Lol, if you visit AVSForum, this is the point where people will mention you're better off buying more storage than converting to a smaller format. Not only do you get to keep the original quality, you also cut down significantly on the time and effort required for encoding. If you just rip the main feature as individual vob/mpeg files, you still save quite a bit of space.
On to other things, what dual quad-core set-up are you planning on? LGA 771 boards? I seem to recall seeing benchmarks floating around that Core i7 is near/on-par with dual LGA771. When you take into account the cost of FB-DIMMs and that you have to buy two expensive processors, going the Core i7 route might be the better deal.
Here's a pretty good benchmark for x264 encoding:
http://www.techarp.com/showarticle.aspx?artno=442
There are results there for 8-core set-ups. If you browse the TechARP forums, you'll also find results for Core i7 processors that haven't been added to the list yet. There's also an HD version of that benchmark. Link's in the article. Almost all GUI I know rely on x264 for the actual encoding so barring differences in encoding options, all of them should work around the same speed. x264 is pretty efficient and scales quite well on multi-core set-ups. Some of the x264 devs hang out at the Doom9 forums so maybe you can ask some questions there. I've found Doom9 to be an excellent resource for anything video encoding related.
From your comments, though, I'm guessing you don't really need faster hardware. You just need a better workflow.
How are you ripping the DVDs? Are you encoding directly from the physical discs? If so, I would suggest allocating a largish hard drive (internal SATA or eSATA) for containing temporary rips, then doing batch encodes from the rips. It'll only take maybe around 10 minutes to rip a full DVD to ISO format or VIDEO-TS folder. Assuming it's actually 12 minutes per disc including the manual labor of changing discs, etc, that still equates to 6 discs per hour. In 3 hours, that's 18 discs. Set-up an encoding queue for all 18 discs and let it batch encode. I'm betting it'll probably finish (the encoding part) in 2 days tops. If you allocate a whole weekend to doing straight rips to, say, a 1TB drive, you can get even more efficient. Granted, you pretty much can't use your PC while it's encoding, but I'm pretty sure you've got 3 or more spares you can work on.
Other tips:
- Use local drives. Windows' (particularly XP's) TCP/IP stack seems to be somewhat lacking. That or the default options just suck. Trying to read/write from network hard drives will probably slow down the process, even if all computers are on gigabit.

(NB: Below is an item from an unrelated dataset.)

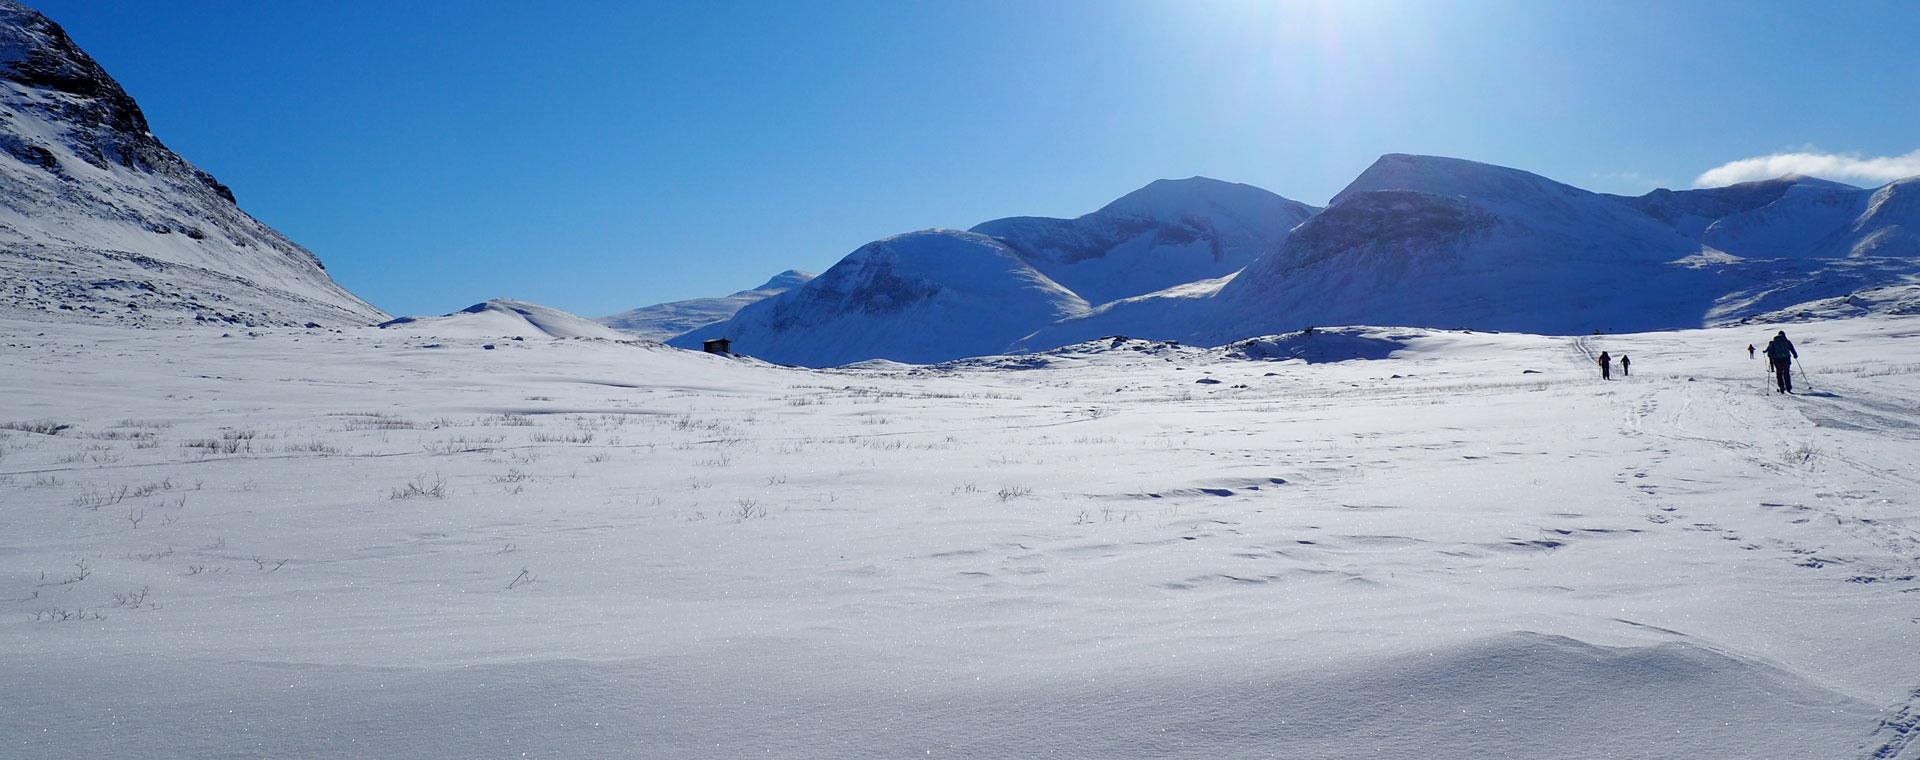 Image Laponie suédoise : la piste Royale

- Use a SATA DVD drive. If you encounter DVDs with RipGuard, ARccOS or similar copy protection mechanisms (intentional "corrupted" sectors), IDE drives can regress into PIO mode (2x-4x speed) and oftentimes, you'd have to re-install the IDE channel and reboot to fix it.
- If you're buying a new DVD drive, make sure it doesn't have RipLock or the "feature" can be turned off.

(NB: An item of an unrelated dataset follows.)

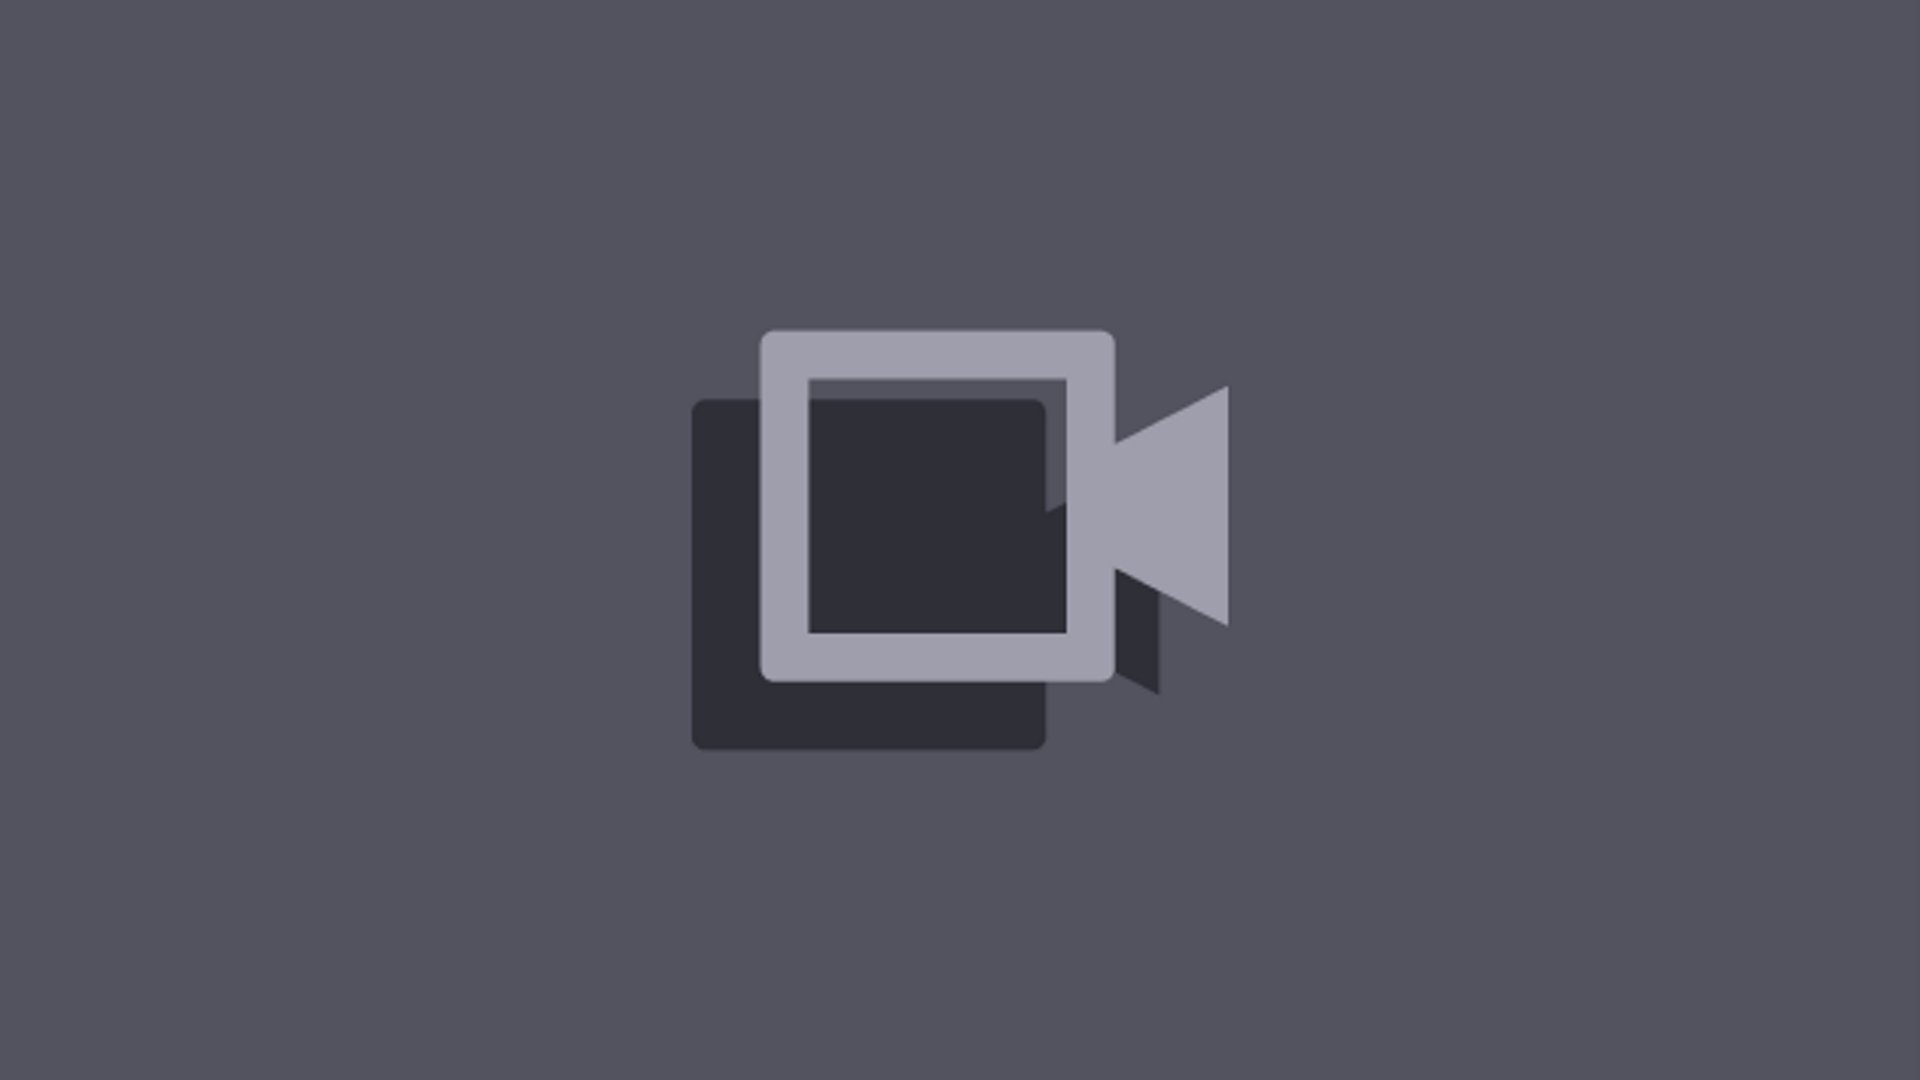 ❤小香千歲。音樂x聊天~徵畫師畫插圖&圖文美工 ✠3/25 魔靈契約✠

- Don't bother with SSDs. You're better off getting huge hard drives for use as temporary drives. Sequential read/write speed on those are pretty good already. The Western Digital Caviar Black and Samsung Spinpoint F drives are pretty fast. I'd go with the WD for the 5-year warranty.
The most time-consuming part of the whole DVD-ripping/conversion process is the manual labor, in this case, changing discs and setting-up the encoding options. The actual encoding is just number-crunching which the computer can easily handle without supervision. If you finish the first two parts and let the computer do its job encoding without any breaks, you can finish much more quickly. There's a reason why the production line was developed.

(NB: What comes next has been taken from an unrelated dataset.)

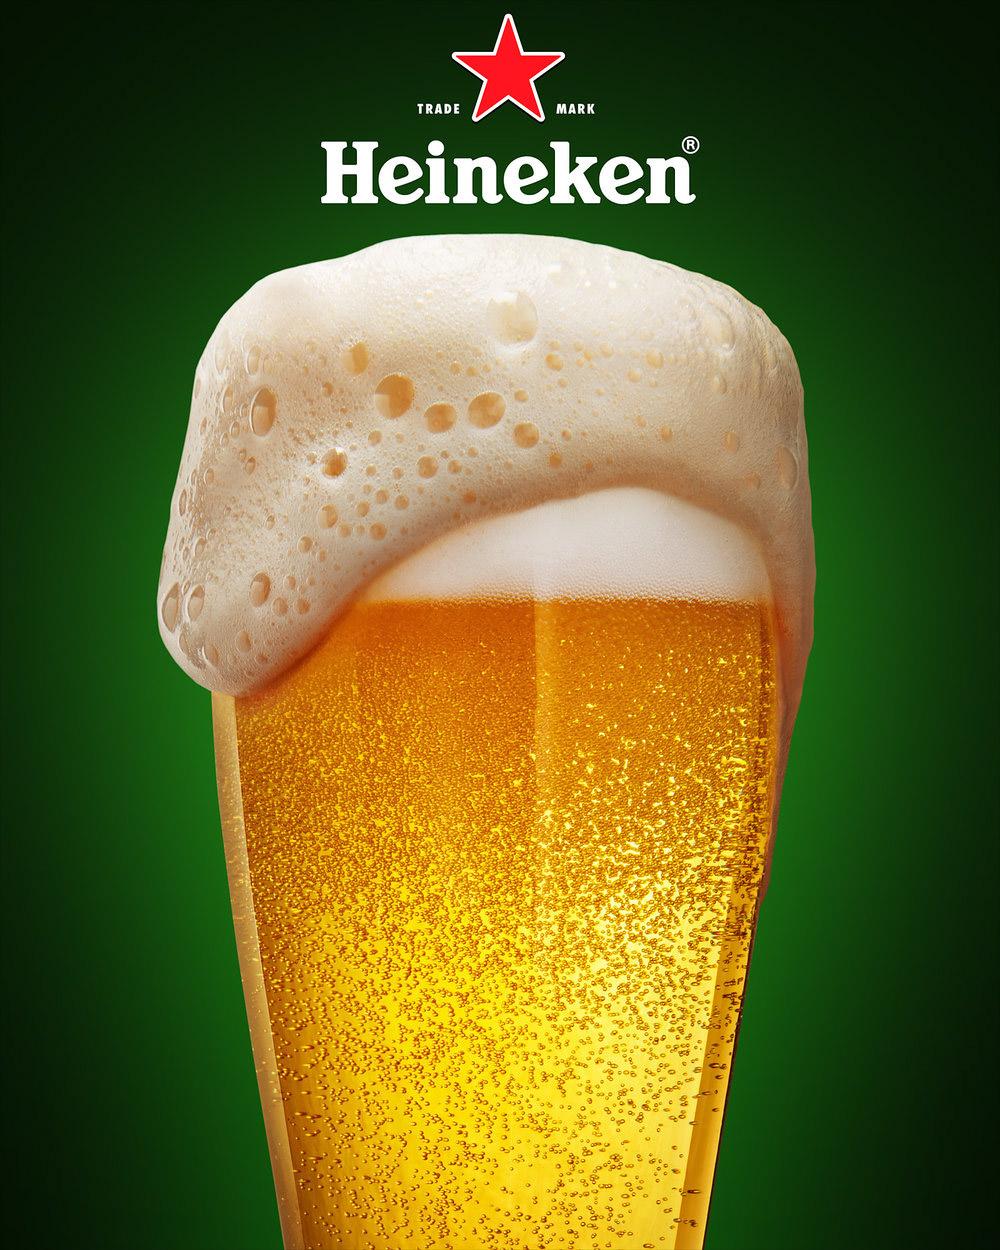 002-181019_NS_Heineken_498_BMS_R1_1_web.jpg

Phew. Hopefully, you haven't fallen asleep after that long-winded reply.
Addendum:
Yeah, yeah, this is an excruciatingly long post but I just noticed this.
dicecca112 wrote:I tried Badaaboom, but I could get it to rip to 720p correctly.
Don't bother encoding your DVD rips to 720p. You won't be getting more detail than what the original DVD came with and quality would actually suffer because you have less bits per pixel (assuming you use the same bitrate). Chances are, the video processor on your TV will do a much better job upconverting from 480p to 720p/1080p than the encoding software will.